THS: Maindeck flyer removal

Today, we’ll use the updated card valuations to determine whether it makes sense to maindeck Shredding Winds in Theros. (Arbor Colossus and Bow of Nylea also kill creatures with flying, but those cards are good enough to play on their other merits, so I won’t evaluate them here.)

This spreadsheet lists all the flyers in Theros. Yellow highlight means that a cards can grant flying to another creature (e.g., Cavalry Pegasus); if the text is gray instead of black, it means the card does not have flying itself (e.g., Fleetfeather Sandals). A few things stand out:

  • Shredding Winds can kill all these creatures with the exception of Prognostic Sphinx and Sentry of the Underworld (if they have WB open), a really large Wingsteed Rider, and perhaps a bestow creature enchanting an already large creature.
  • White, blue, and black will have 9, 11, and 4 creatures with flying in an average 8-person draft. Each color is shared on average by about 3 players, so a typical W/U deck will have 7 flyers and Shredding Winds will usually have a target even if you don’t seen a flyer in game 1. Every other color combination will have 5 or fewer flyers, so it doesn’t make sense to side in Shredding Winds unless you see a must-kill flyer.
  • You don’t need flyer removal against red or green since they have almost no flyers. On the artifact side, neither Anvilwrought Raptor nor Fleetfeather Sandals are particularly exciting, and you’re better off siding in artifact removal against them anyway.
  • Nessian Asp is excellent in this format and so it likely to be played by every green deck that has it. It can block and kill all of the creatures listed in the spreadsheet except Abhorrent Overlord (rare) and Ashen Rider (mythic), which are marked with an S in the Must Kill column. In addition, there are 4 other flyers marked with a Y that I consider must kill — Cavalry Pegasus (white common), Wingsteed Rider (white common), Prognostic Sphinx (blue rare), and Shipwreck Singer (U/B uncommon) — each of which will win the game eventually if left untouched. These are flyers you need to be able to kill even if you have multiple Nessian Asps. Both commons in the list are white, so it might make sense to side Shredding Winds in against W/X decks if you have other cards you need to side out, even if you haven’t seen many flyers and they are not W/U.

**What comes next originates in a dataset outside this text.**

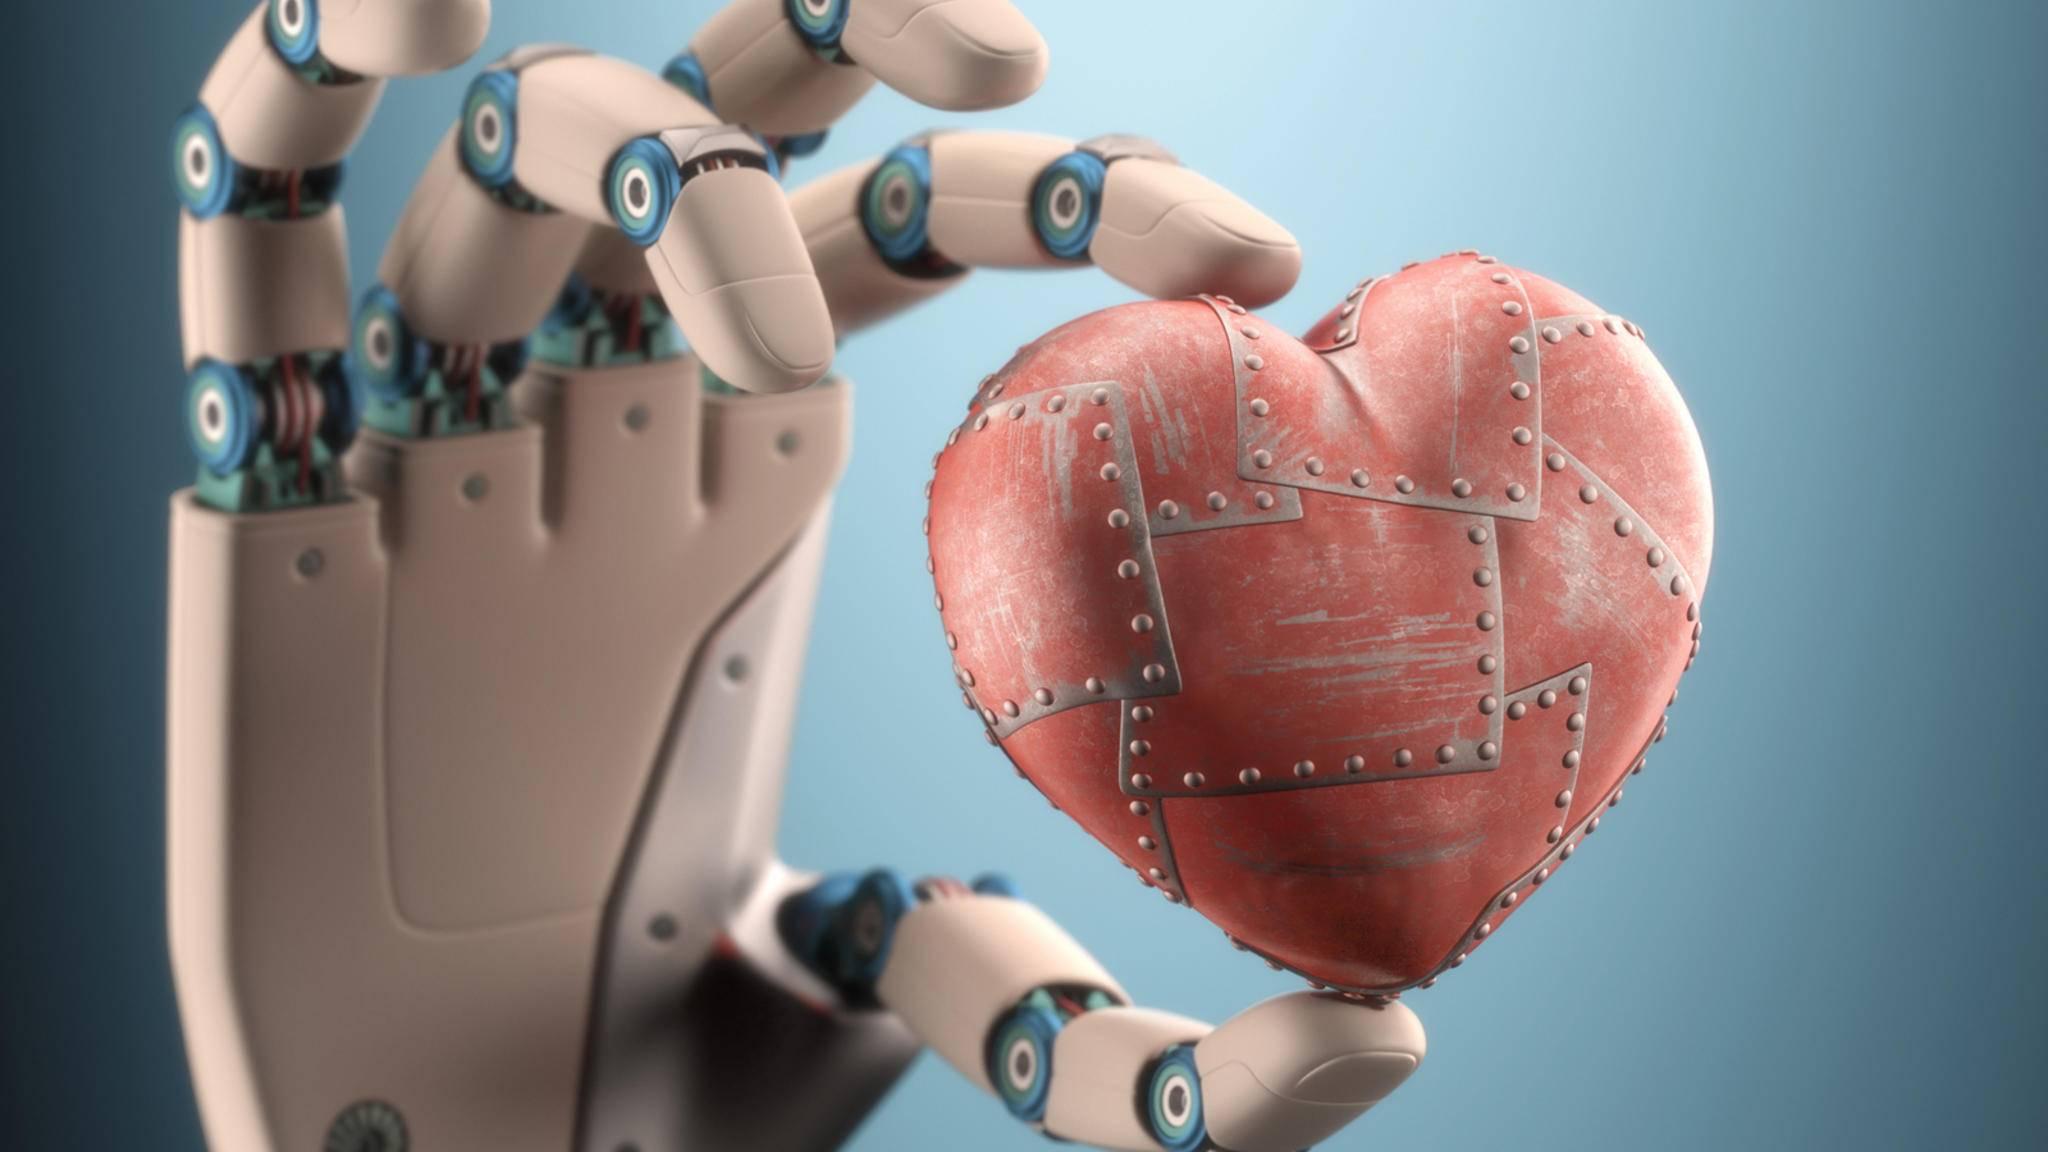 Forscher an der Harvard-Universität haben ein Herz für Roboter – und entwickelten einen Roboter fürs Herz!
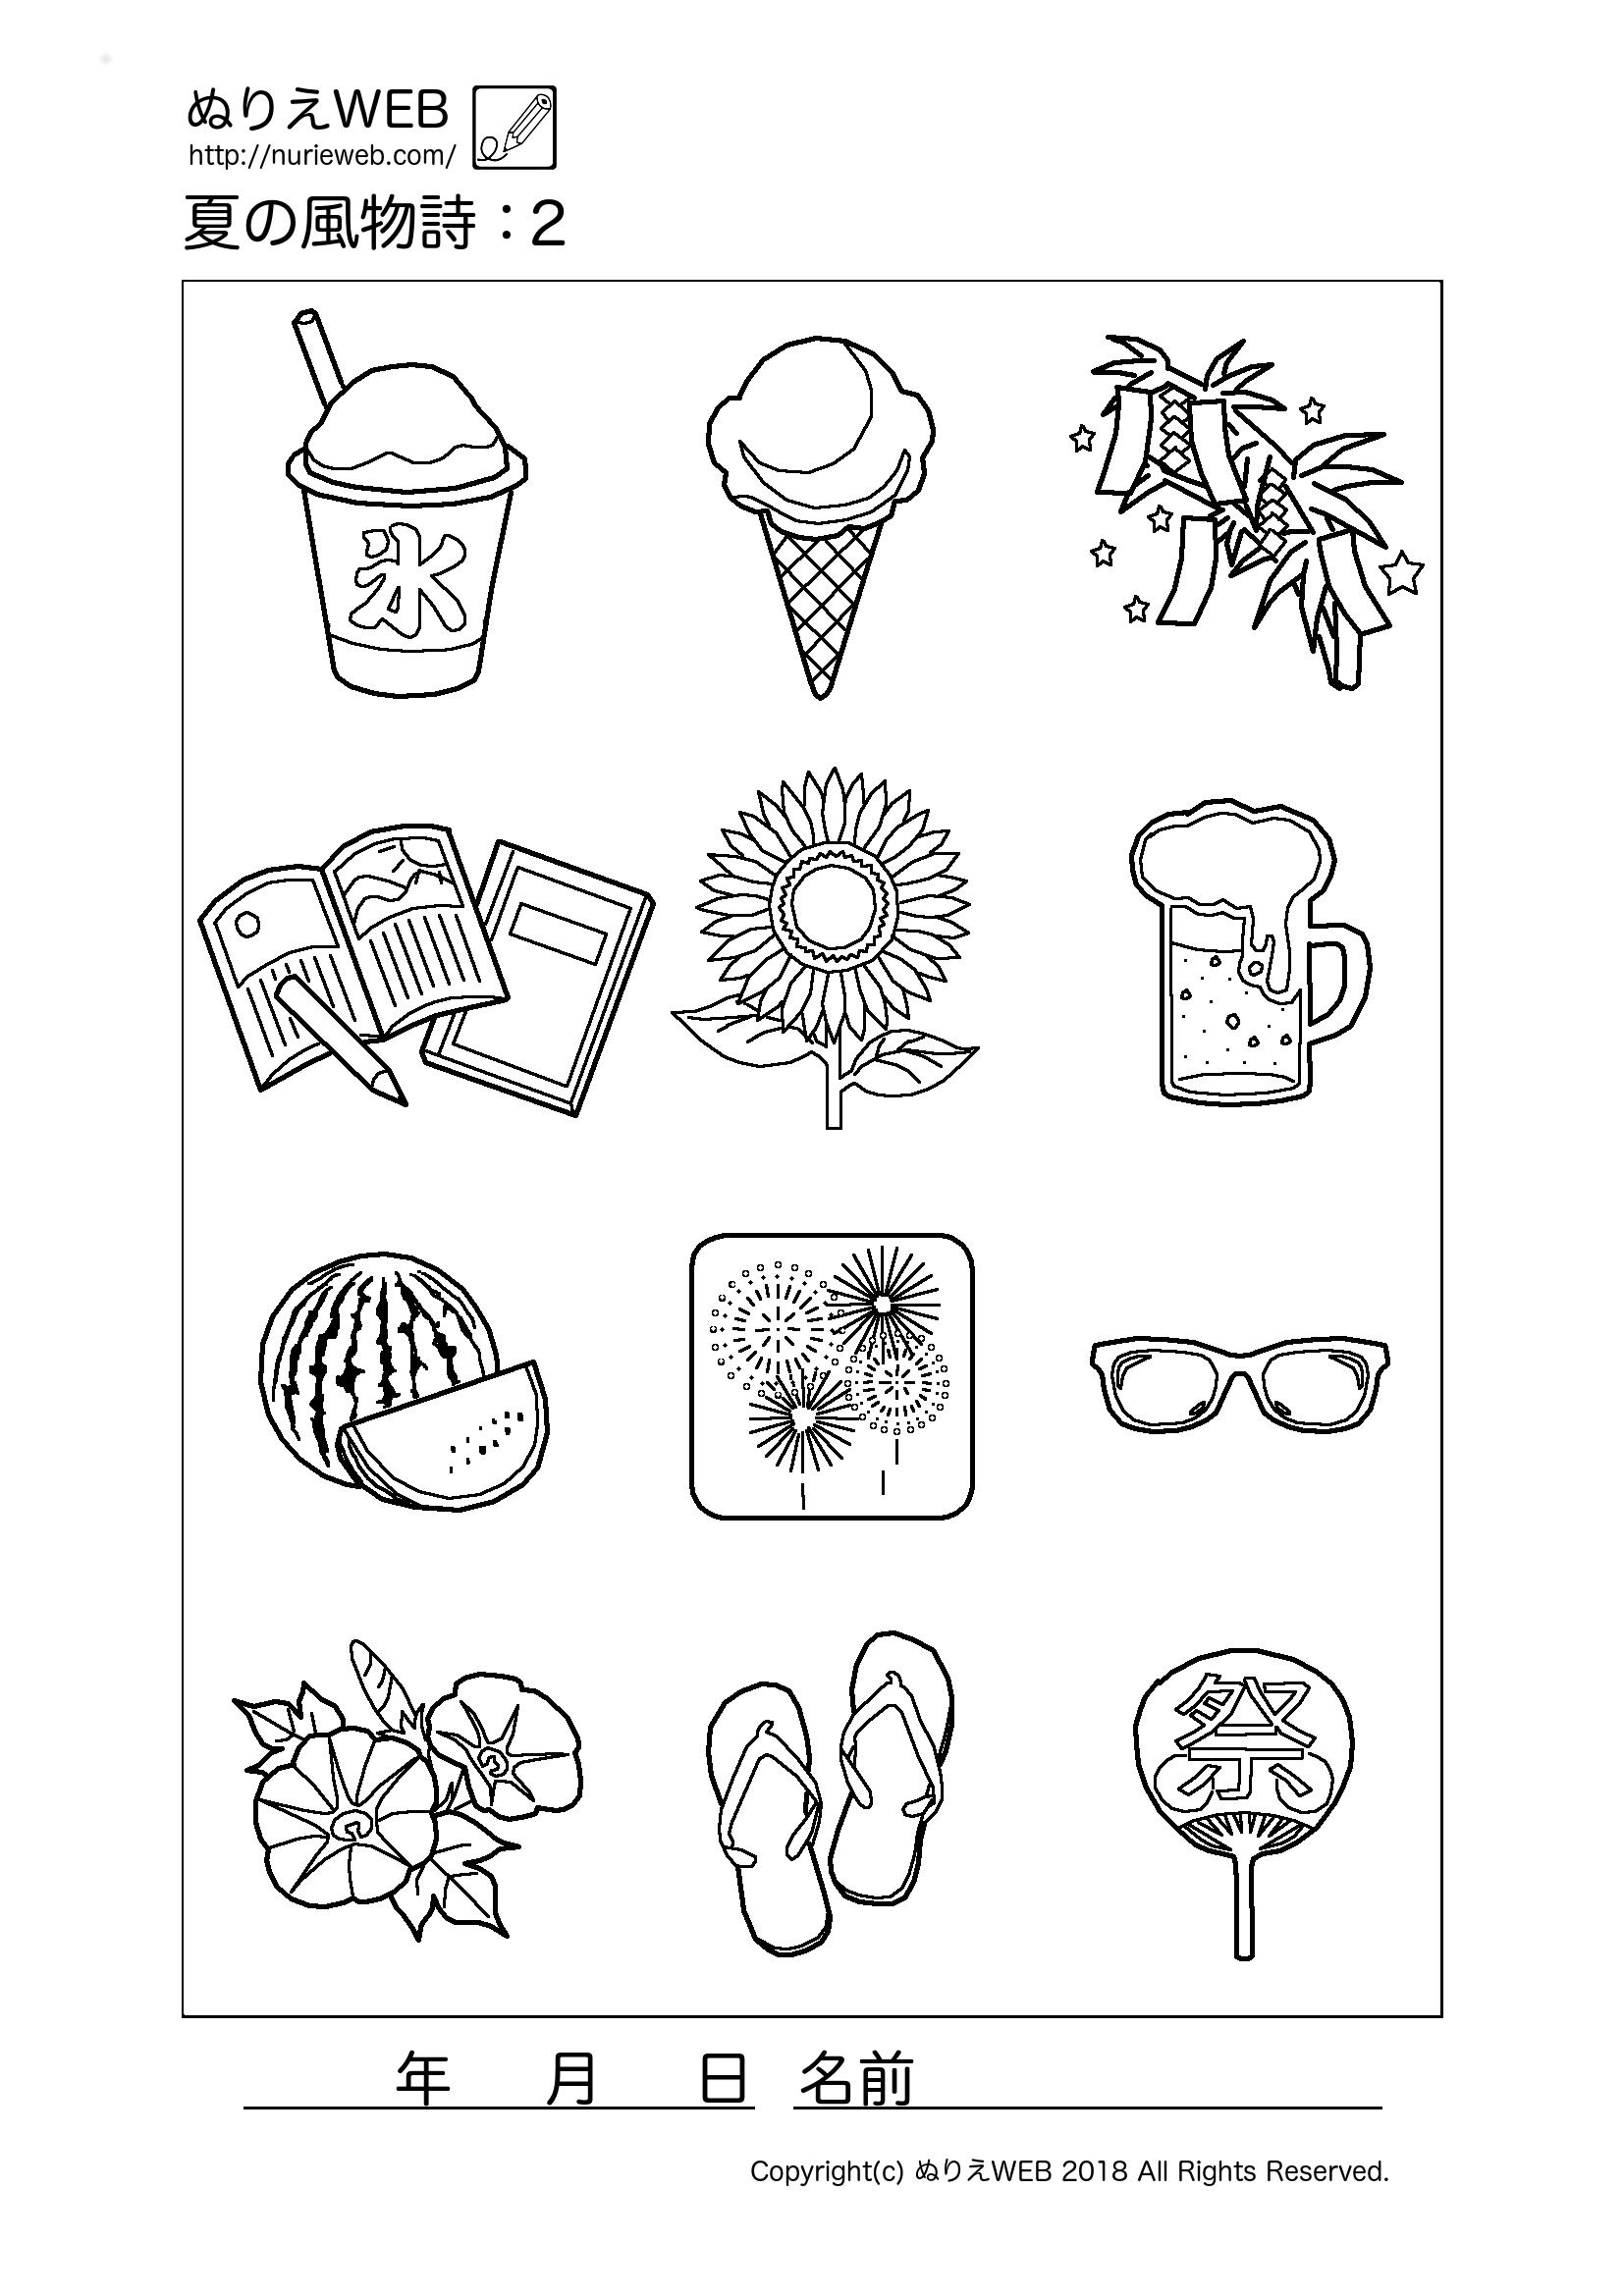 ぬりえweb:夏の風物詩塗り絵 | ぬりえweb コレクション | ぬりえ

From the analysis above, I would say it doesn’t make sense to run Shredding Winds maindeck, but it is a great sideboard cards against decks with flyers, and it can be brought in preemptively against W/U decks which tend to have a lot of flyers, and even against other W/X decks which may have fewer flyers since white has a couple of common flyers that can take over or win the game given enough time.